Approximating A+B*log with NeuralNetwork

Dear All,

I am working on an economics project which utilizes neural networks as a method for approximation of model solutions (those models are systems of differential/difference equations). For some versions of these models, I have analytical solutions that I can use as a trial. For some problems, it works really great. However, I encountered a few really weird cases, where neural network isn’t able to approximate (or more precisely, Flux wasn’t able to train it) particularly simple functions.
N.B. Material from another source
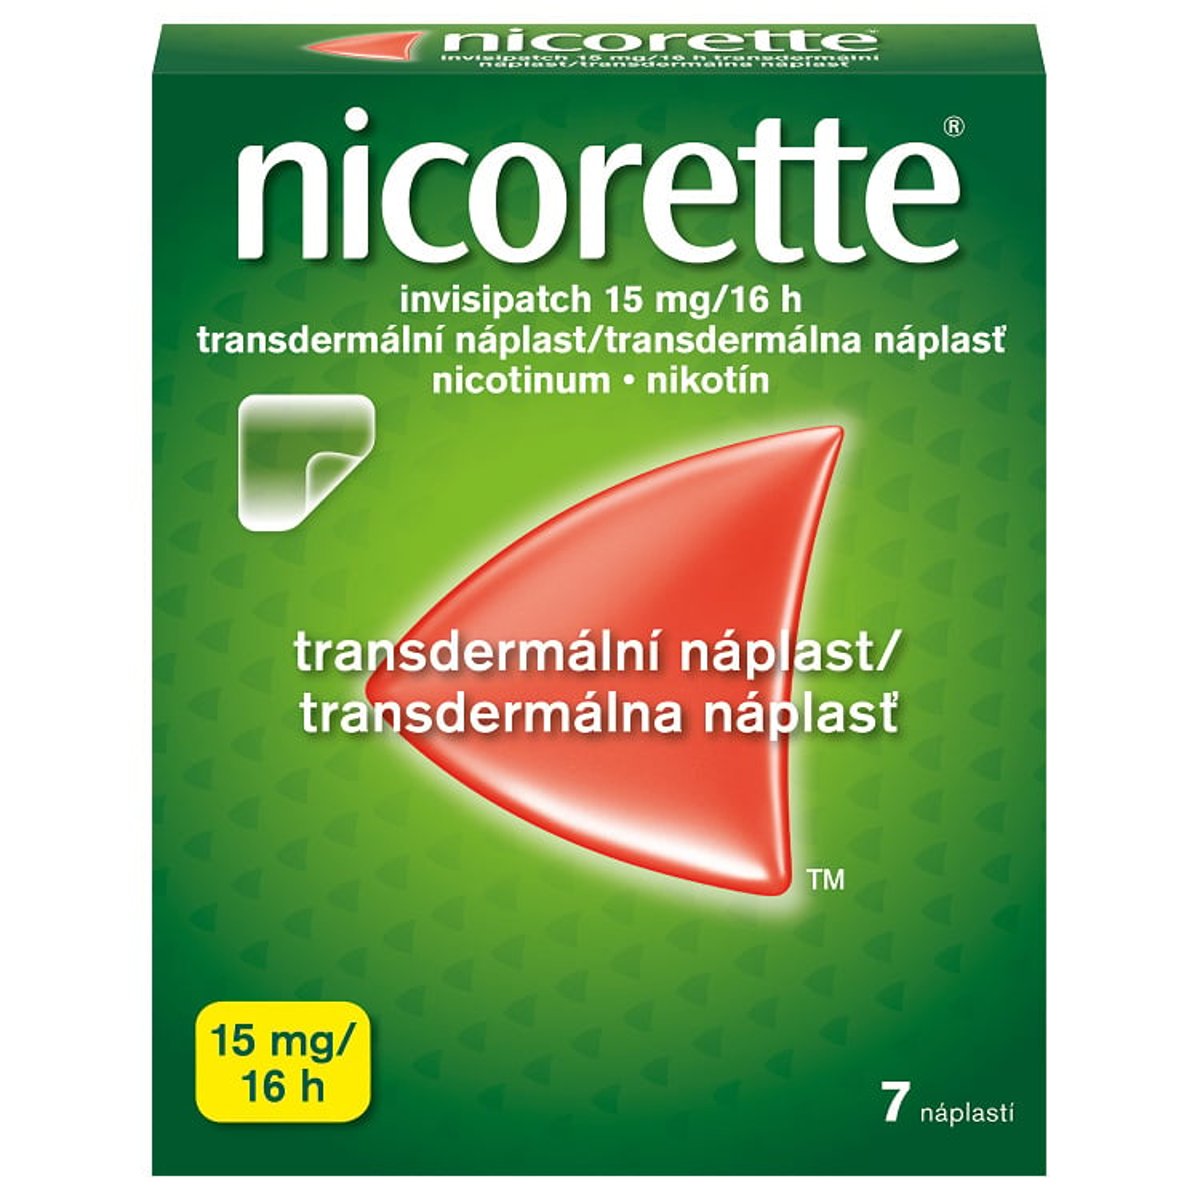 NICORETTE INVISIPATCH 15MG/16H Transdermální náplast 7

The most striking case was following.

V(k) = A + B*log(k)

Where A = -27.02875f0, B = 0.64935064f0 and k is discretized by vector of 2500 points from 0.05 to 0.31. I tried to approximated this simple function using neural network. I used 4 layer network, composed of Bent identity functions, 32 units per layer, besides that, I also tried softplus functions combined with final identity and a large network of Relu units trained on GPU (few hundreds of Relus per layer). Neither of those attempts succeeded, regardless of which variant of gradient descent I used (stochastic vs full batch, ADAM, Nestorov,…). Instead of converging towards the solution, network formed simple line.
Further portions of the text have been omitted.